Ken: At present, there are basically three major categories of fiction: genre fiction, literary fiction, and a third type which has had no commonly accepted name. This third type has cultural meaning and artistic value, which means it does not fit well into the escapist formula genres, yet it also has non-realistic elements and settings which exclude it from the category of literary fiction. We knew from the start that we wanted to publish this third type of fiction, but what would we call it?
When we began to consider publishing our first ParaSpheres anthology and were seeking a name for the kind of work we wanted to include in it, we remembered that in the fall of 2002 the literary journal Conjunctions (from Bard College, edited by Brad Morrow) devoted issue number 39 (guest edited by Peter Straub) to what they described as “new wave fabulist writers.” The announcements for Conjunctions: 39 described the issue as including stores from a “small group of innovative writers rooted in the genres of science fiction, fantasy, and horror [who] have been simultaneously exploring and erasing the boundaries of those genres by creating fiction of remarkable depth and power.” To honor Brad Morrow and Peter Straub’s work in bringing attention to this type of fiction, I discussed the value of Conjunctions: 39 in both an editor’s note and a longer essay included in ParaSpheres; and we decided to call the stories in ParaSpheres “Fabulist and New Wave Fabulist.”
After ParaSpheres, as we’ve continued to publish this kind of fiction, we’ve decided to use the simpler term “Fabulist Fiction,” which in our minds we think of as embracing all the kinds of stories that might erase as well extend the boundaries of “non-realistic artistic fiction.” Although we consider this kind of fiction to meet the broad definition of the term “literary,” we recognize that it does not meet the established narrative realist definition of literary fiction. By presenting this fiction as neither literary fiction nor genre fiction, but rather as something else altogether, we are hoping to redefine it as a new category.
Mary: Why does this new genre need to exist?
Rusty: To put it simply, literary critics serve as defenders of intellectual and artistic values that are relatively free of the profit motivations. There is definite merit in this. But the conventional standards of literary fiction that are applied in order to eliminate escapist fiction also eliminate much serious, thought-provoking fiction that has artistic value. By establishing Fabulist Fiction as a recognized form, which contains both non-realistic elements and artistic and cultural meaning, we hope to bring the serious works in this genre to the attention of readers and critics and to garner writers of Fabulist Fiction the respect they deserve.

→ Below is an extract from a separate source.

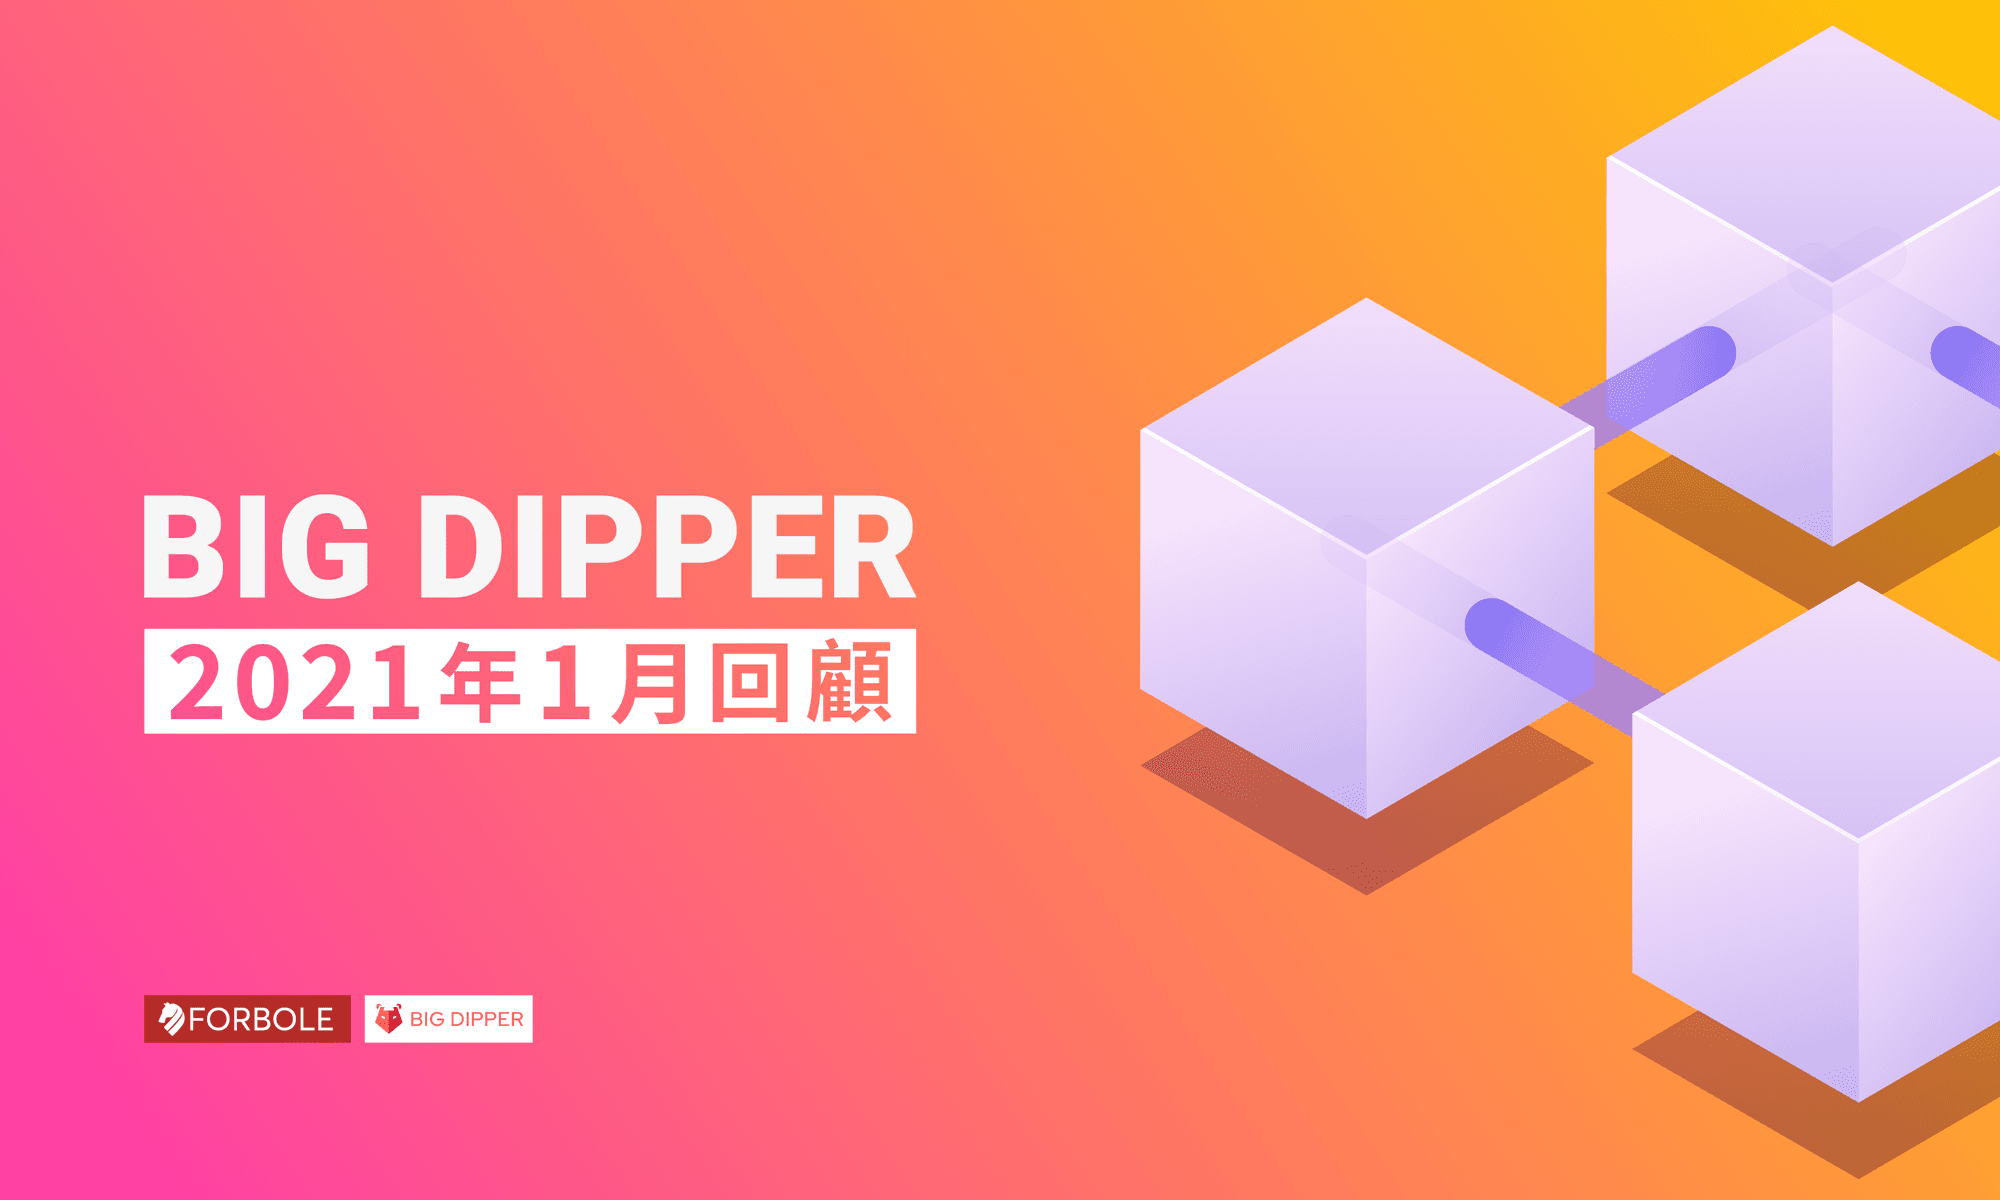 Big Dipper 每月回顧 - 2021 年 1 月

Mary: Could you please give us some examples of works that are Fabulist Fiction?
Ken: There is a long and illustrious tradition of serious works that can be defined as Fabulist Fiction. Some of the most important include: Gulliver’s Travels, Candide, Tristam Shandy, Jacques the Fatalist and His Master, Alice in Wonderland, Gershenzon and Ivanov’s Correspondence from Two Corners, Kafka’s The Castle, Hesse’s Steppenwolf, Woolf’s The Waves, Olaf Stapledon’s Odd John, Gombowicz’s Ferdydurke, and Calvino’s Invisible Cities.
Rusty: Outside the United States, non-realistic work has generally received more recognition. Many non-realistic authors first achieved success outside the U.S. and were later published here. As you may have noticed, all the authors Ken cited above are European, as are Huxley and Orwell. Latin American authors have also received recognition for such work. For example: Gabriel García Márquez who won the Nobel Prize in Literature in 1982 and Jorge Luis Borges who won the French Legion of Honor in 1983. More recently, Yann Martel won England’s Man Booker Prize for Life of Pi. Non-western countries, particularly Japan, also have a long tradition of honoring non-realistic stories.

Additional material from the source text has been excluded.